● Material provided:
»»

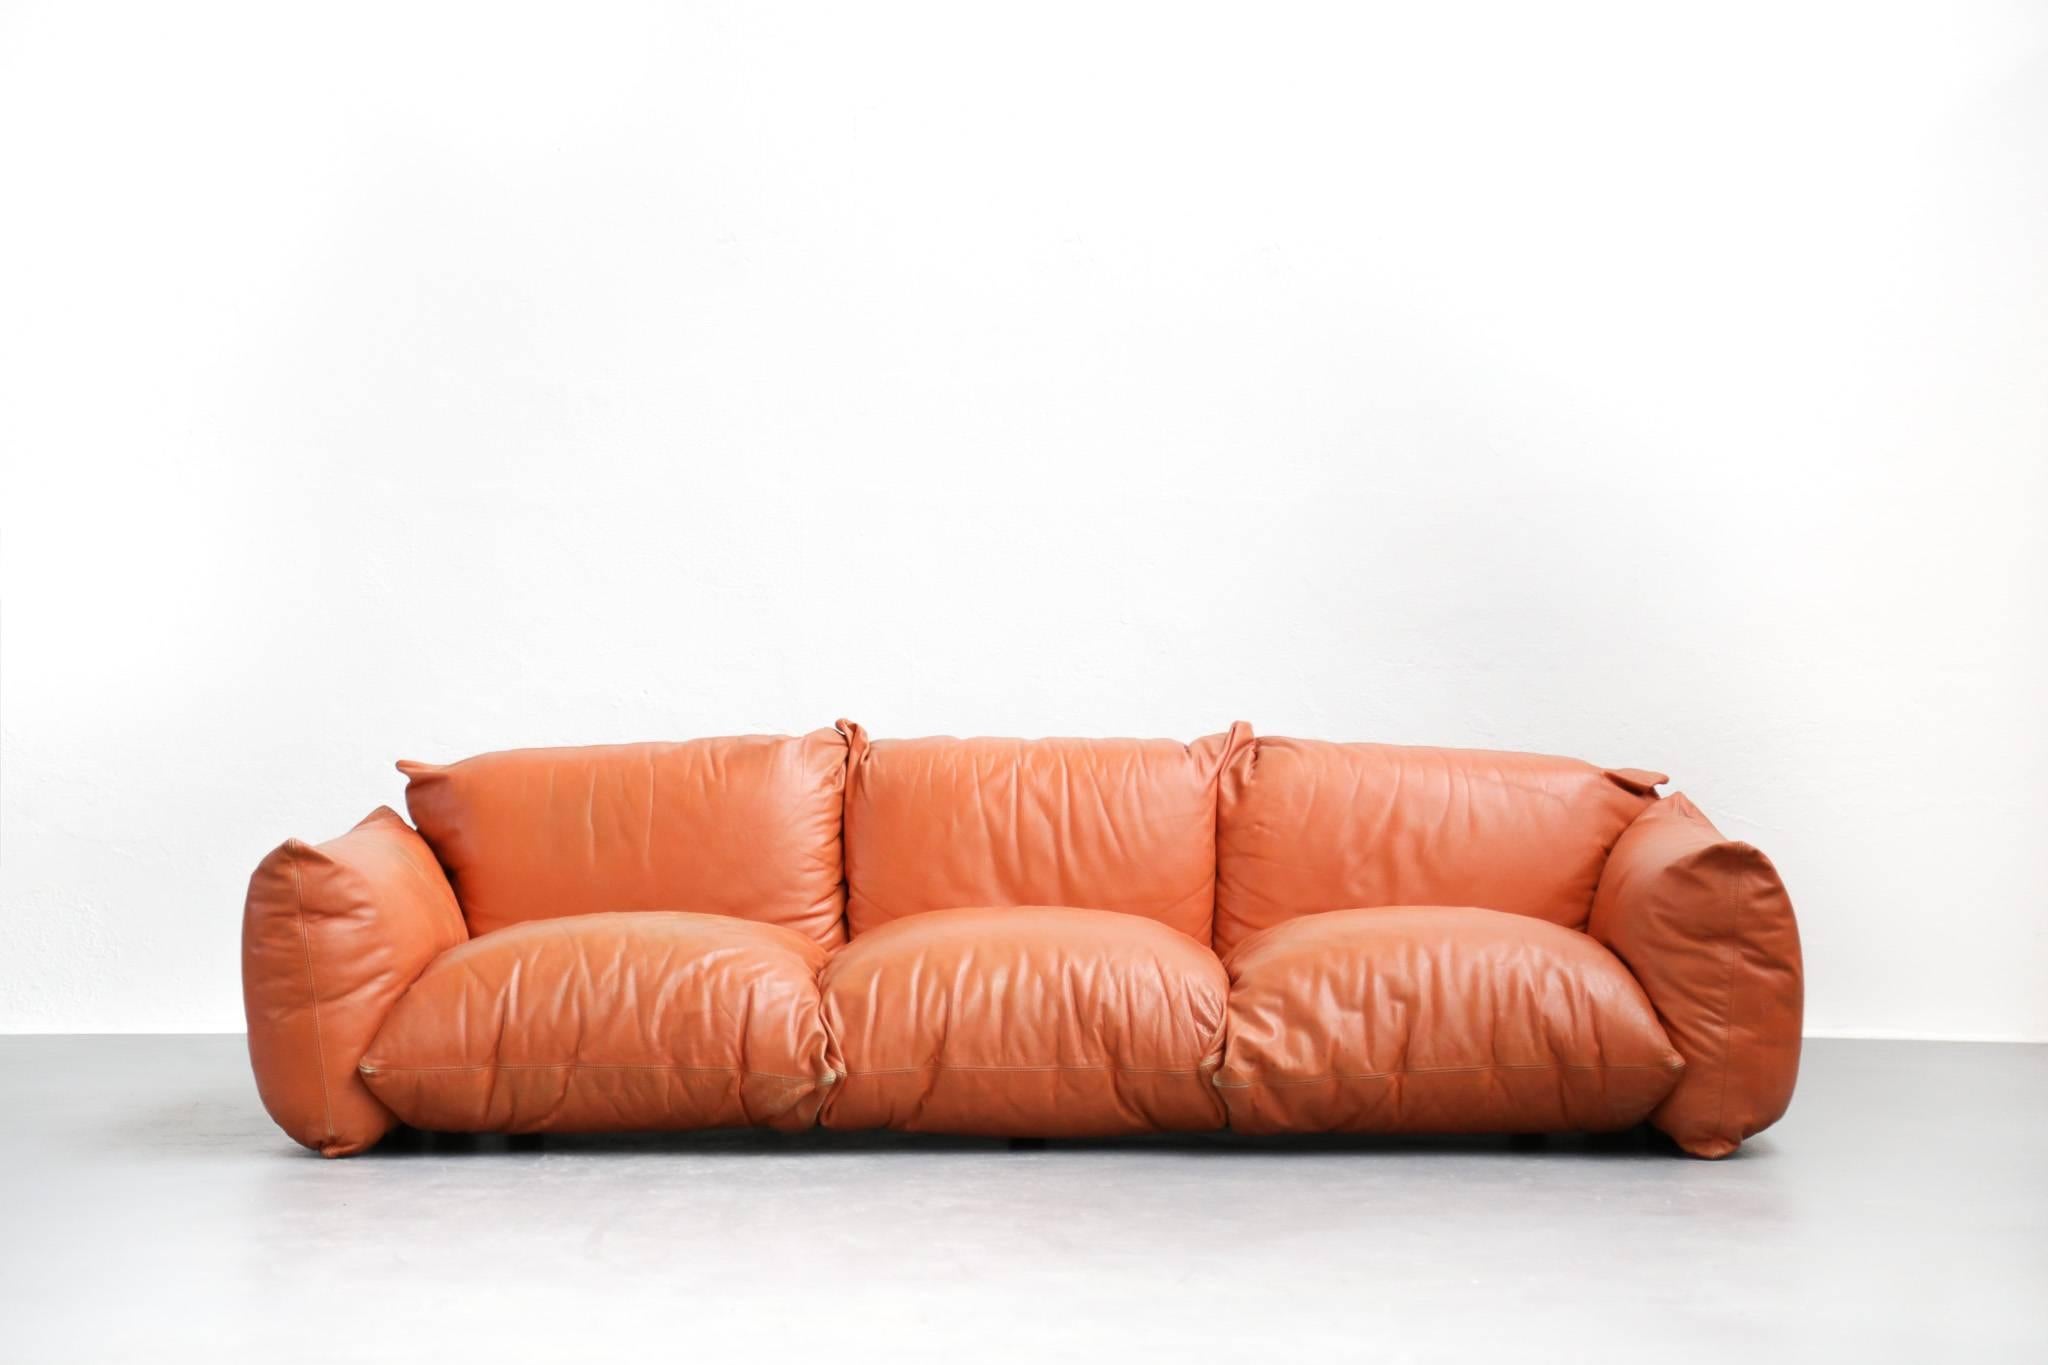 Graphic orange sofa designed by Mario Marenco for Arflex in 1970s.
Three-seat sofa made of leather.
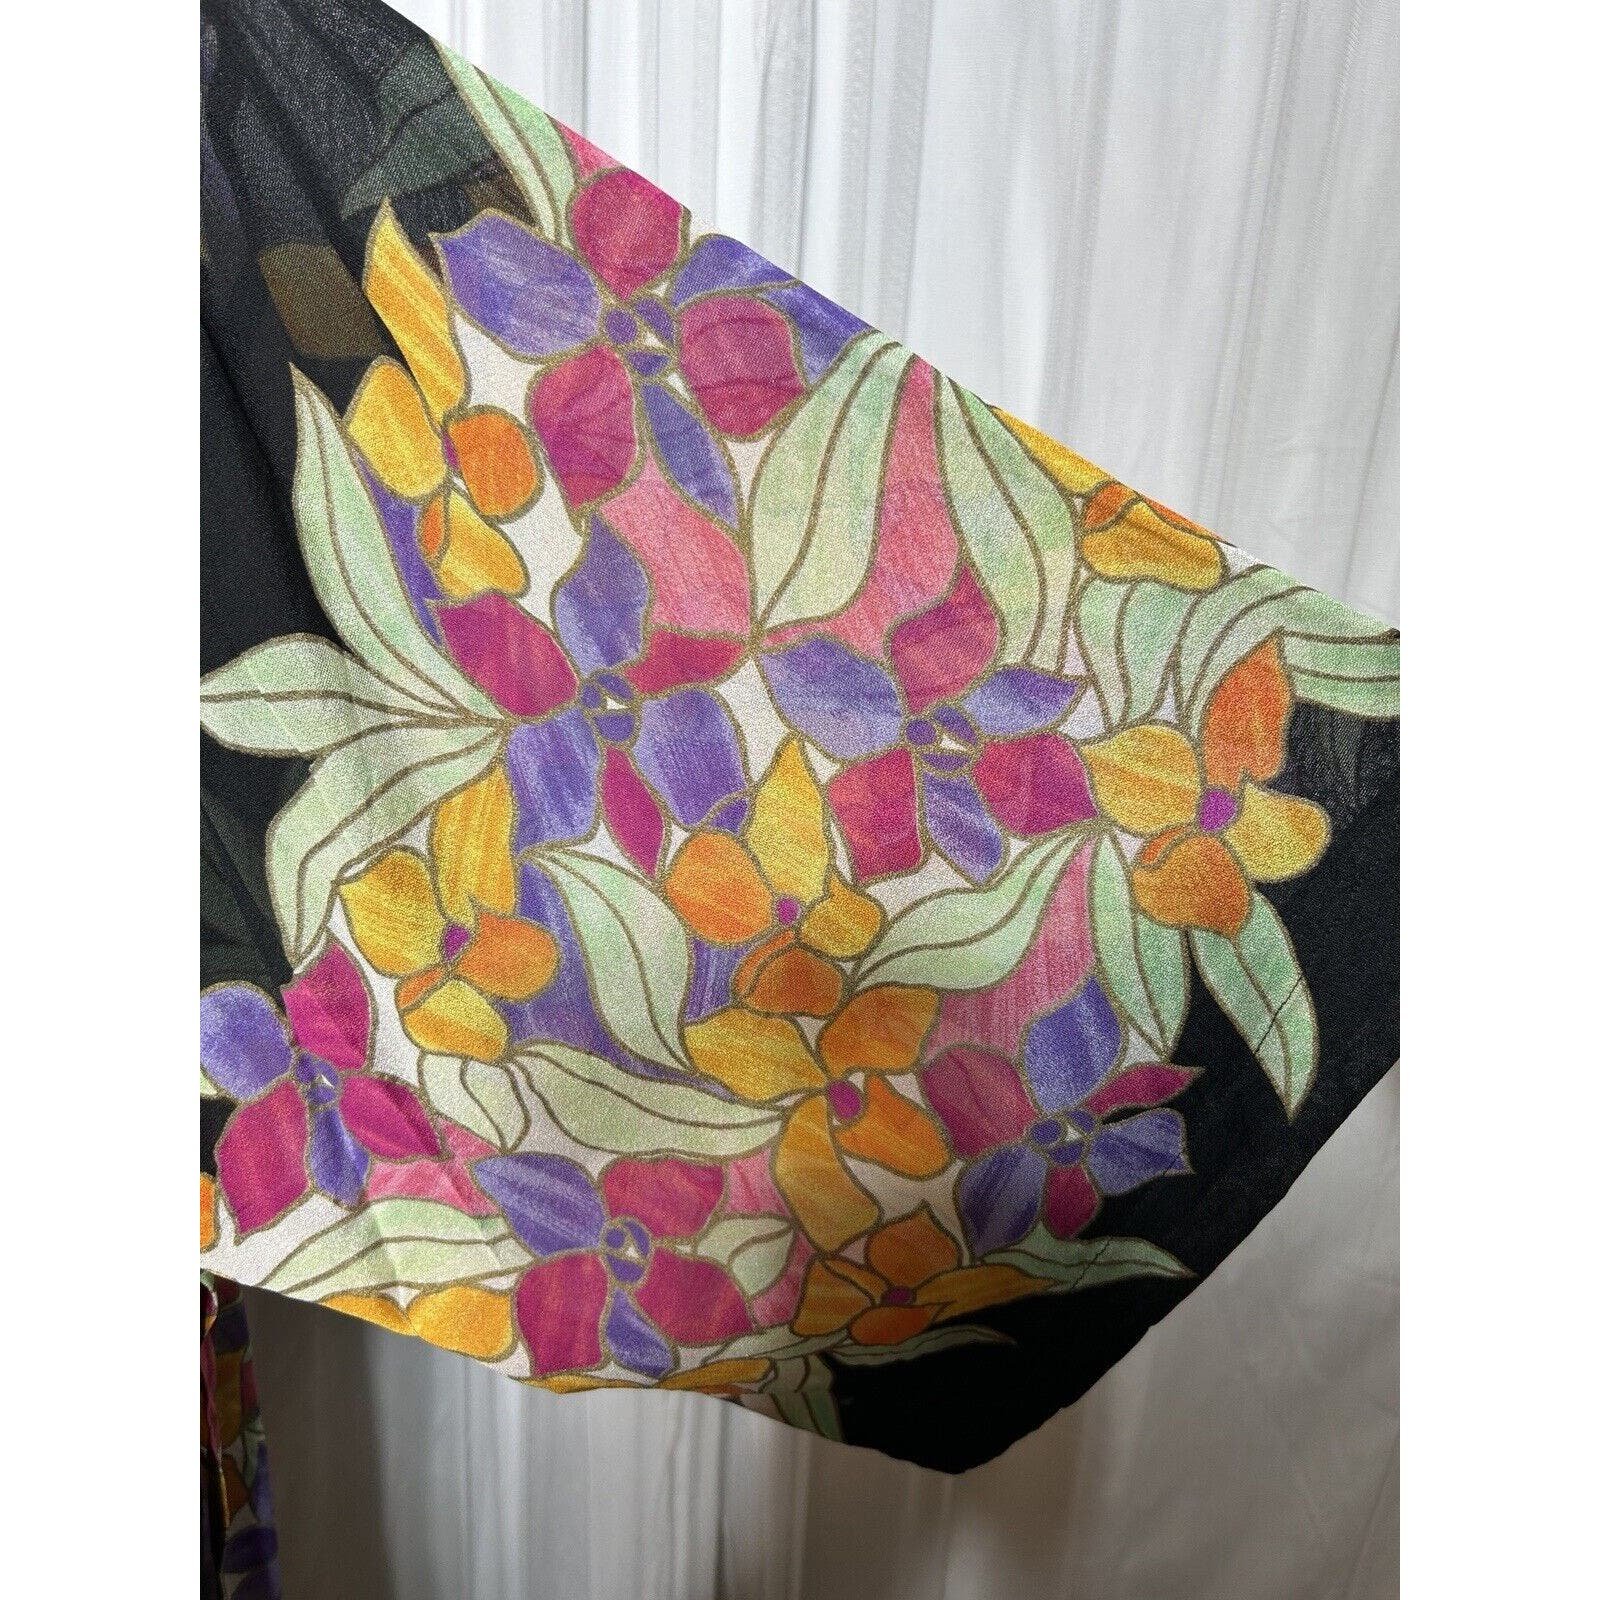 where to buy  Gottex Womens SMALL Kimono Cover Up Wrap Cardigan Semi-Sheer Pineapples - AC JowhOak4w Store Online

««

● Exercise objective: Reproduce the material above exactly but drop all images.

● Response to the task:
 Graphic orange sofa designed by Mario Marenco for Arflex in 1970s.
Three-seat sofa made of leather.
 where to buy  Gottex Womens SMALL Kimono Cover Up Wrap Cardigan Semi-Sheer Pineapples - AC JowhOak4w Store Online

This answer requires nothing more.